Guide for Leads of Distributed Teams

About This Guide

Pictured above is Ron Herman running a “How to Manage Remote Teams” workshop for 16 engineering leads and managers.

Managing distributed developers is different than managing a co-located team. Recognizing this is the first step towards making the enterprise successful. At TeamFound we’ve worked with many software development teams, often teams who venture to work with remote engineers for the first time.  This guide summarizes some key points in running distributed teams successfully.

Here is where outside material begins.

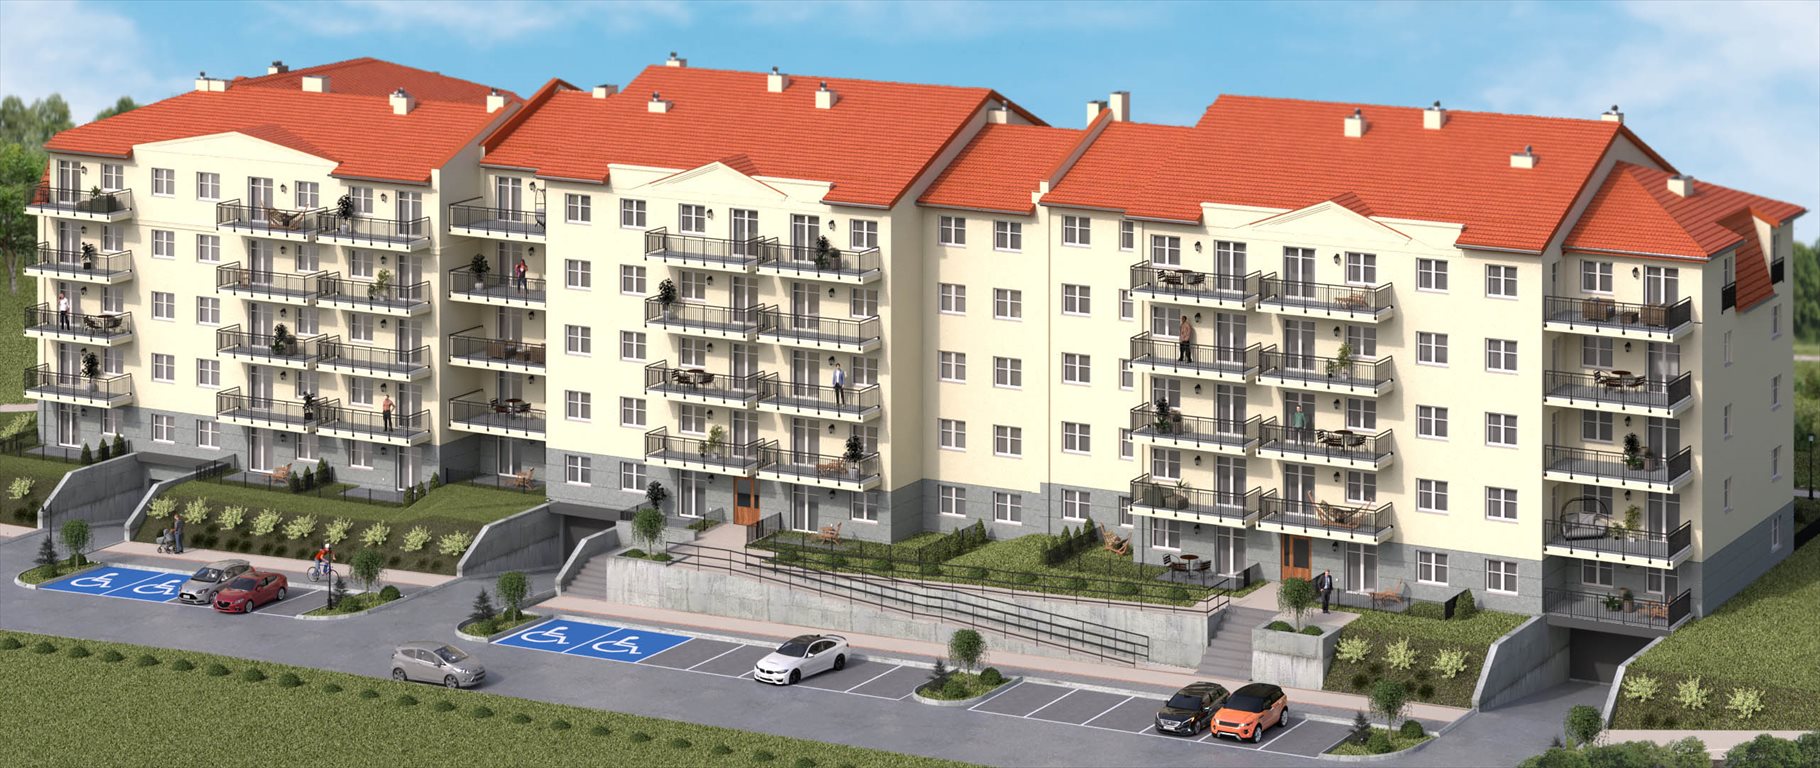 Mieszkanie trzypokojowe na sprzedaż Sosnowiec, Sielec, Klimontowska 47  54m2 Foto 2

If you’re a manager or team lead, and you want to better prepare for expanding your team with remote developers, or if you want to improve your current distributed operations, this guide is for you.

Table of Contents

Software development processes are your foundations
Setting roles and expectations
Develop a culture of accountability
Encourage truth and problem solving in stand-ups
Ownership is not easily measured, but more valuable
Take opportunities to foster a collaborative atmosphere
Characteristics of an effective team leader
Conduct one-on-one’s
Attention is your greatest asset
Emails are lost to the team
For Pete’s sake, turn on your web cam!
Great performing teams are built on trust
Tell the story. Rally them behind a common goal

Software development processes are your foundations

Process is usually not a top-priority when a team is co-located. Teams that reside in one office, often get by with little to no process or standardized workflows or structured communications. If co-located teams take-on remote team members, and do not develop good processes, they will experience many frustrations and loss of performance. This alone may cause them to consider the collaboration a failure.

Therefore, one of the most important planning initiatives for organizations preparing to work with remote teams is designing robust processes, workflows, and structured communications – all of which I refer to as “process”.

Process is simply put a structure for working. When team members are dispersed, using a common process is essential to knowing how to work together: expectations of team members, when to perform key activities, and overall how to achieve good team performance.

Fostering good team collaboration begins with designing processes and workflows that encourage collaboration. Especially in a distributed team model, good collaboration needs to be “engineered” into the engineering process, and the day-to-day workflows of the team.

Software engineering and testing teams have significant advantages with distributed members, because for decades engineering teams became accustomed to process as a means of facilitating good software engineering. Today many teams use Scrum, a framework for managing agile processes. Scrum has gained so much favor in the software development world, that most engineers today have either worked in a Scrum process or can freely explain the key elements to Scrum.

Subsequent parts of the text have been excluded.